On Mon, 30 Jan 2023 10:32:38 GMT, Eirik Bjorsnos <[email protected]> wrote:
> After finding a hash match, getEntryPos needs to compare the lookup name up
> to the encoded entry name in the CEN. This comparison is done by decoding the
> entry name into a String. The names can then be compared using the String
> API. This decoding step adds a significat cost to this method.
>
> This PR suggest to update the string comparison such that in the common case
> where both the lookup name and the entry name are encoded in
> ASCII-compatible UTF-8, decoding can be avoided and the byte arrays can
> instead be compared direcly.
>
> ZipCoder is updated with a new method to compare a string with an encoded
> byte array range. The default implementation decodes to string (like the
> current code), while the UTF-8 implementation uses
> JavaLangAccess.getBytesNoRepl to get the bytes. Both methods thes uses
> Arrays.mismatch for comparison with or without matching trailing slashes.
>
> Additionally, this PR suggest to make the following updates to getEntryPos:
>
> - The try/catch for IAE is redundant and can be safely removed. (initCEN
> already checks this and will throws IAE for invalid UTF-8). This seems to
> give a 3-4% speedup on micros)
> - A new test InvalidBytesInEntryNameOrComment is a added to verify that
> initCEN does in fact reject invalid UTF-8 in CEN file names and comments. (I
> found no existing test coverage for this)
> - The recursion when looking for "name/" matches is replaced with iteration.
> We keep track of any "name/" match and return it at the end of the search. (I
> feel this is easier to follow and it also gives a ~30% speedup for addSlash
> lookups with no regression on regular lookups)
>
> (My though is that including these additional updates in this PR might reduce
> reviewer overhead given that it touches the exact same code.
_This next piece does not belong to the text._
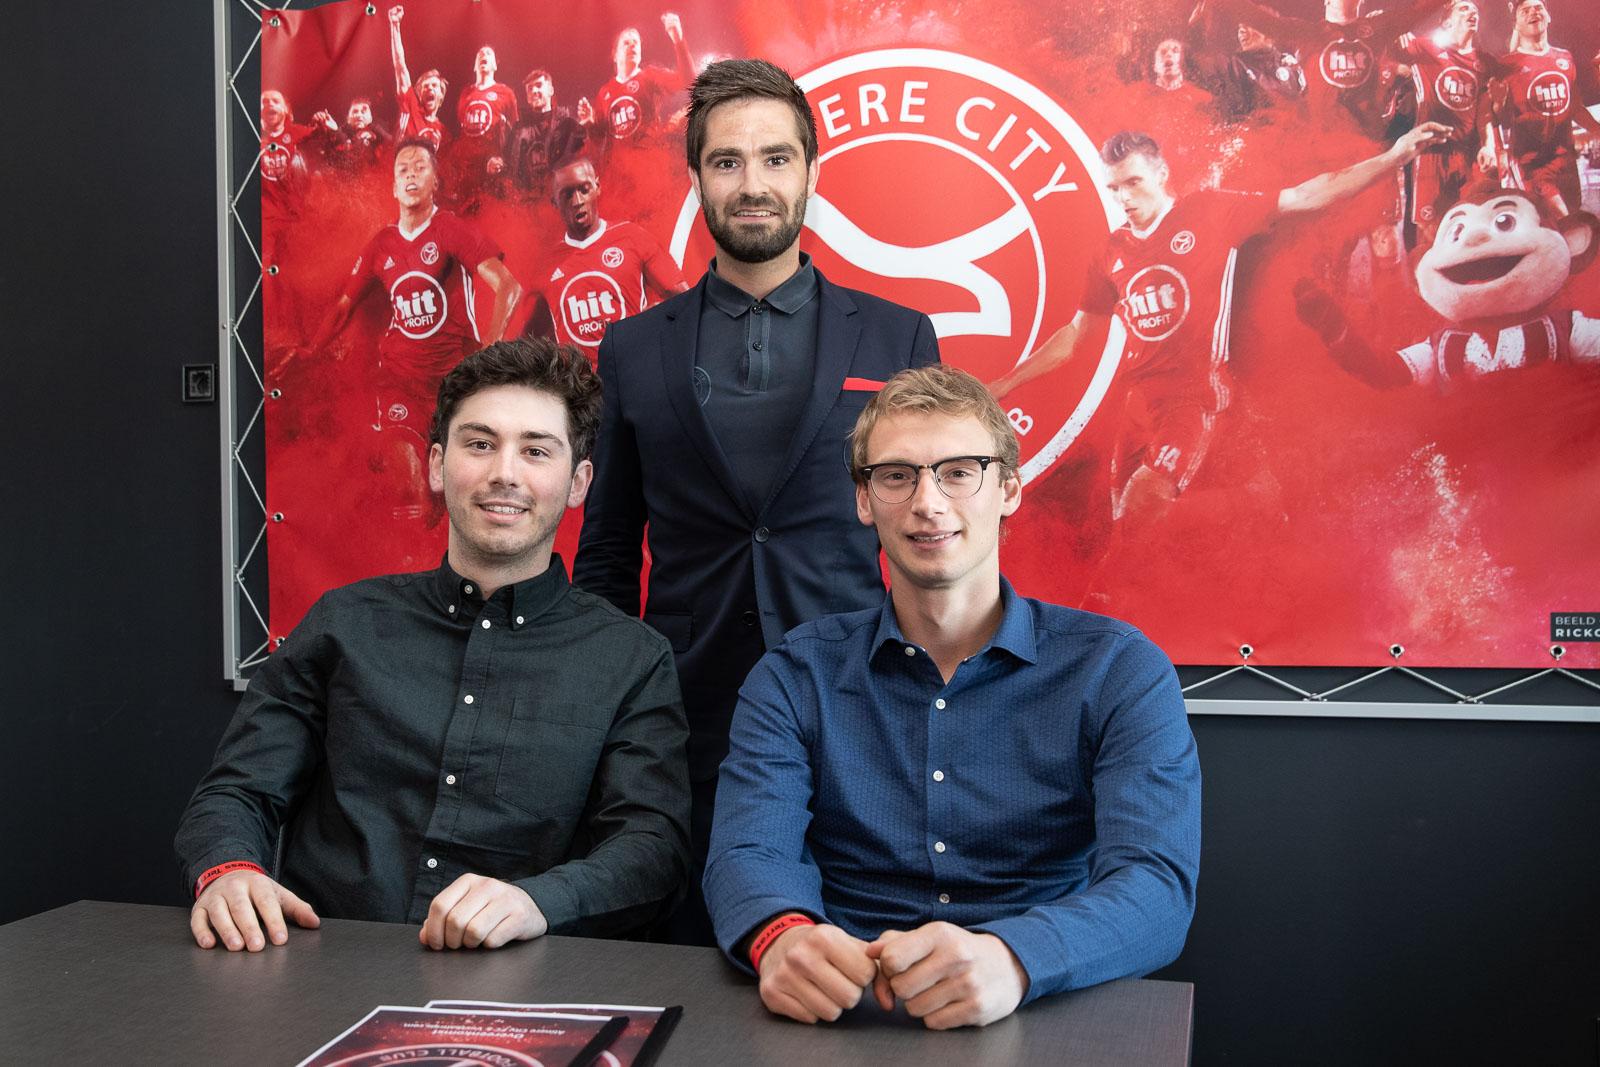 Voetbaltrips.com terug als sponsor Almere City FC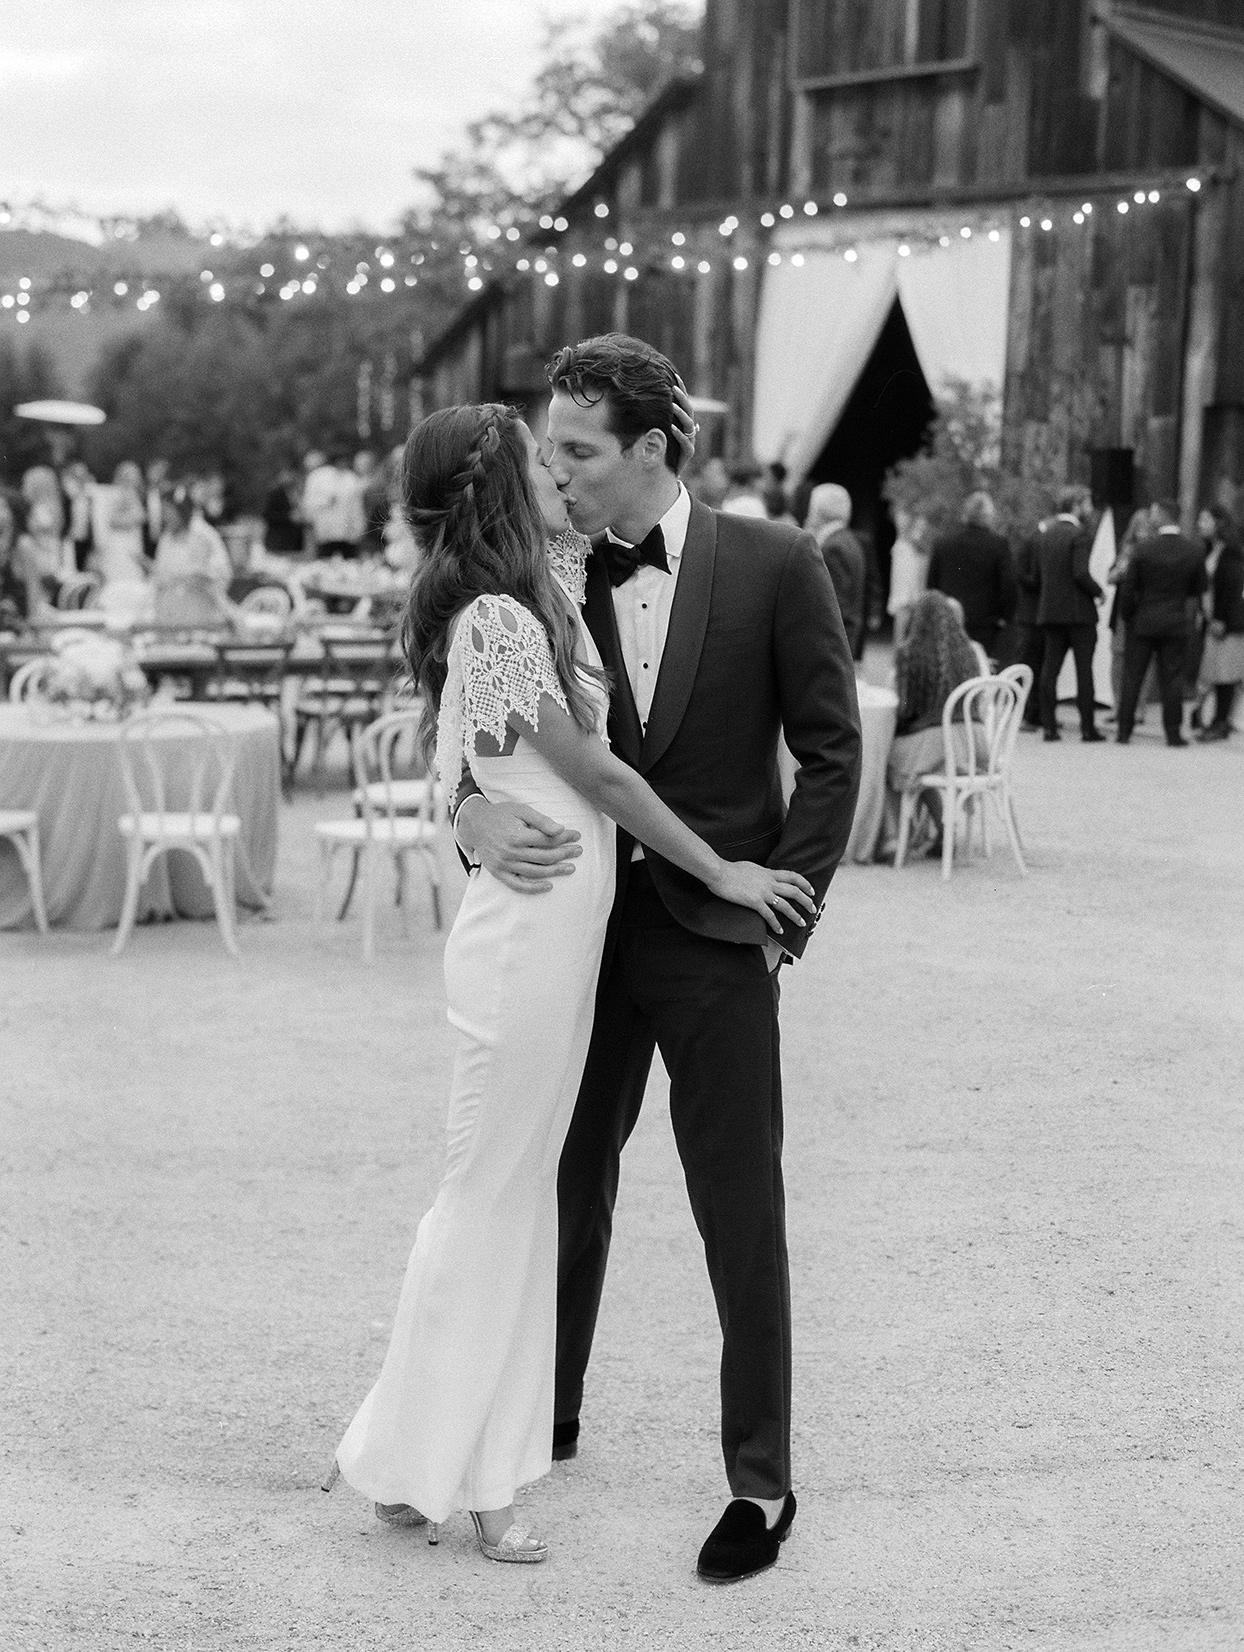 mika steve wedding reception dress couple kissing

I might be wrong
> on this, please advise :)
>
> I'm seeing a ~17% saving on the micro ZipFileGetEntry.getEntryHit (modified
> to use xalan.jar):
>
> Baseline:
>
> Benchmark (size) Mode Cnt Score Error
> Units
> ZipFileGetEntry.getEntryHit 512 avgt 15 74.941 ± 1.004
> ns/op
> ZipFileGetEntry.getEntryHit 1024 avgt 15 84.943 ± 1.320
> ns/op
> ZipFileGetEntry.getEntryHitUncached 512 avgt 15 120.371 ± 2.386
> ns/op
> ZipFileGetEntry.getEntryHitUncached 1024 avgt 15 126.128 ± 1.075
> ns/op
> ZipFileGetEntry.getEntryMiss 512 avgt 15 23.818 ± 0.838
> ns/op
> ZipFileGetEntry.getEntryMiss 1024 avgt 15 29.762 ± 5.998
> ns/op
> ZipFileGetEntry.getEntryMissUncached 512 avgt 15 59.405 ± 0.545
> ns/op
> ZipFileGetEntry.getEntryMissUncached 1024 avgt 15 71.840 ± 2.455
> ns/op
> ZipFileGetEntry.getEntrySlash 512 avgt 15 135.621 ± 4.341
> ns/op
> ZipFileGetEntry.getEntrySlash 1024 avgt 15 134.190 ± 2.141
> ns/op
>
>
>
> PR:
>
>
> Benchmark (size) Mode Cnt Score Error
> Units
> ZipFileGetEntry.getEntryHit 512 avgt 15 62.267 ± 1.329
> ns/op
> ZipFileGetEntry.getEntryHit 1024 avgt 15 72.916 ± 2.428
> ns/op
> ZipFileGetEntry.getEntryHitUncached 512 avgt 15 101.630 ± 1.154
> ns/op
> ZipFileGetEntry.getEntryHitUncached 1024 avgt 15 113.161 ± 0.502
> ns/op
> ZipFileGetEntry.getEntryMiss 512 avgt 15 23.003 ± 1.191
> ns/op
> ZipFileGetEntry.getEntryMiss 1024 avgt 15 23.236 ± 1.114
> ns/op
> ZipFileGetEntry.getEntryMissUncached 512 avgt 15 56.781 ± 1.505
> ns/op
> ZipFileGetEntry.getEntryMissUncached 1024 avgt 15 67.767 ± 1.963
> ns/op
> ZipFileGetEntry.getEntrySlash 512 avgt 15 73.745 ± 2.717
> ns/op
> ZipFileGetEntry.getEntrySlash 1024 avgt 15 75.784 ± 1.051
> ns/op
>
>
> To assess the impact on startup/warmup, I made a main method class which
> measures the total time of calling ZipFile.getEntry for all entries in the
> 109 JAR file dependenies of spring-petclinic. The shows a nice improvement
> (time in micros):
>
>
> Percentile Baseline Patch
> 50 % 23155 21149
> 75 % 23598 21454
> 90 % 23989 21691
> 95 % 24238 21973
> 99 % 25270 22446
> STDEV 792 549
> Count 500 500
Filed JDK-8301873 for this, update PR title when you're ready.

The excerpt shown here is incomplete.